Почувствовав массовое попустительство соседей, которое не раз в мировой истории приводило к военным действиям, пальцековырятель поднялся со спорной койки, громко выпустил газы и медленно пошел в мою сторону.

Я испугался.

Драки никогда не были моей самой сильной стороной. В то же время я уже знал, что в отличие от российских тюрем «прописка» в камеру в Форте-Фикс отсутствовала и местные зэки в большинстве своем подчинялись приказам администрации. По большому счету никто не мог занять выписанные мне нары. Оставалось только два варианта: вступить в бой или ретироваться. «Если побоище – то один на один, по-тюремному. – Я быстро прокручивал в голове «защиту Трахтенберга». – Никто ни за кого вступаться не имел права. К тому же мой верный Максимка весьма некстати отсутствовал. Если я отступлю, то буду выглядеть хреново в глазах доминиканцев и черномазых до конца карантина – со мной будут обращаться как с тряпкой!»

Время истекало – последняя песчинка просочилась вниз.

В этот же момент я получил сильнейший удар в грудь. Я упал и на секунду отключился. Краем глаза увидел оживление в рядах зрителей и услышал многочисленные восклицания и «маза факи».

Вспомнив все свои скудные, в основном теоретические, познания в боксировании, я встал в агрессивную позу самца орангутана.

В классе девятом меня немного учил драться грузчик Володя по кличке Вольдемар. Он разгружал машины, завозившие еду и алкоголь в соседнее с домом кафе «Россиянка». В свободное от перетаскивания ящиков время Вольдемар попивал дешевый портвейн и выступал в роли тренера-общественника.

Выставив левой рукой подобие блока, неожиданно для себя я отразил новый подлючий удар противника. Одновременно моя правая рука ушла вперед и вверх. При этом я громко выкрикивал какие-то ругательства.

Поскольку все происходящее совершалось на подсознательном уровне, то и матерился я по-русски. Как и радистка Кэт, звавшая маму на родном языке.

За первым ударом последовали другие. В них сконцентрировались мои оставшиеся сила и обида. Ничего подобного з/к № 24972-050 от себя совершенно не ожидал: последний раз я дрался три года назад в своей первой американской тюрьме Эссаик-Каинти-Джейл.

Время абсолютно классически остановилось, я не понимал, что со мной происходит и жив ли я вообще. В какой-то момент я почувствовал, что меня оттаскивают от доминиканца. На помощь пришел мой верный Максимка. Я не особенно сопротивлялся – за свое койко-место я уже постоял, хотя и получил несколько болезненных тумаков.
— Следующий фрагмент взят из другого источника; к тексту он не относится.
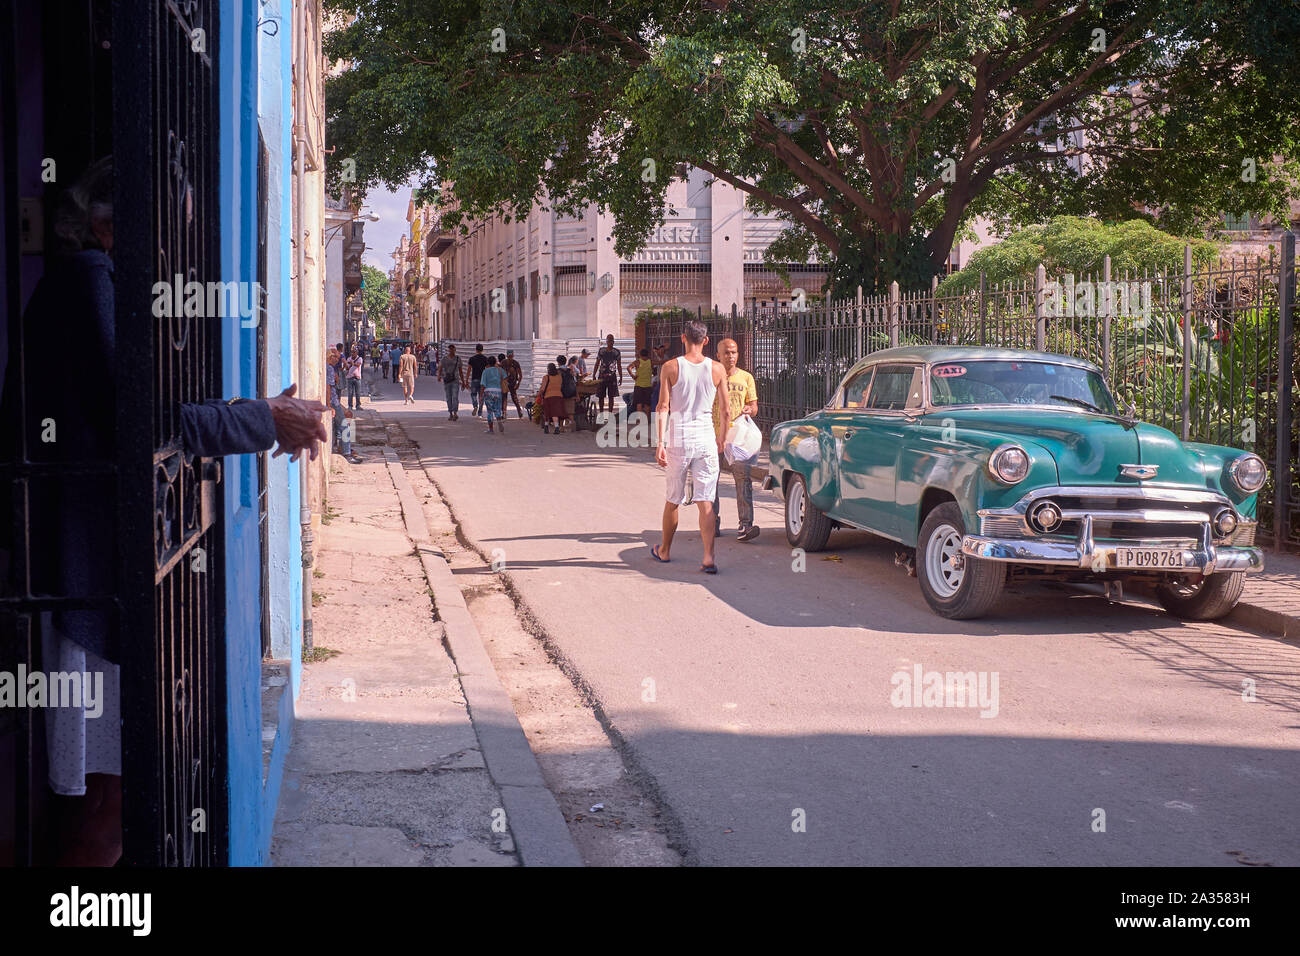 Regardant les passants dans les rues de La Havane, Cuba Banque D'Images

– Лева, ты обалдел, что ли? Хватит, заканчивай на фиг! Сейчас менты придут, кто-нибудь обязательно настучит. Все, уходим! Ты что, хочешь в «дырку» попасть в самом начале? Пошли, он и так все понял! – успокаивал меня Максим, оттаскивая с поля боя.

Я тяжело дышал и автоматически вырывался.

– Мерзкая свинья, – продолжал я. – Решил, что я испугаюсь? Ни фига, пусть знает, как со мной связываться. Думает, если я единственный белый, значит, ему, сволочи, все можно. Не на того напал!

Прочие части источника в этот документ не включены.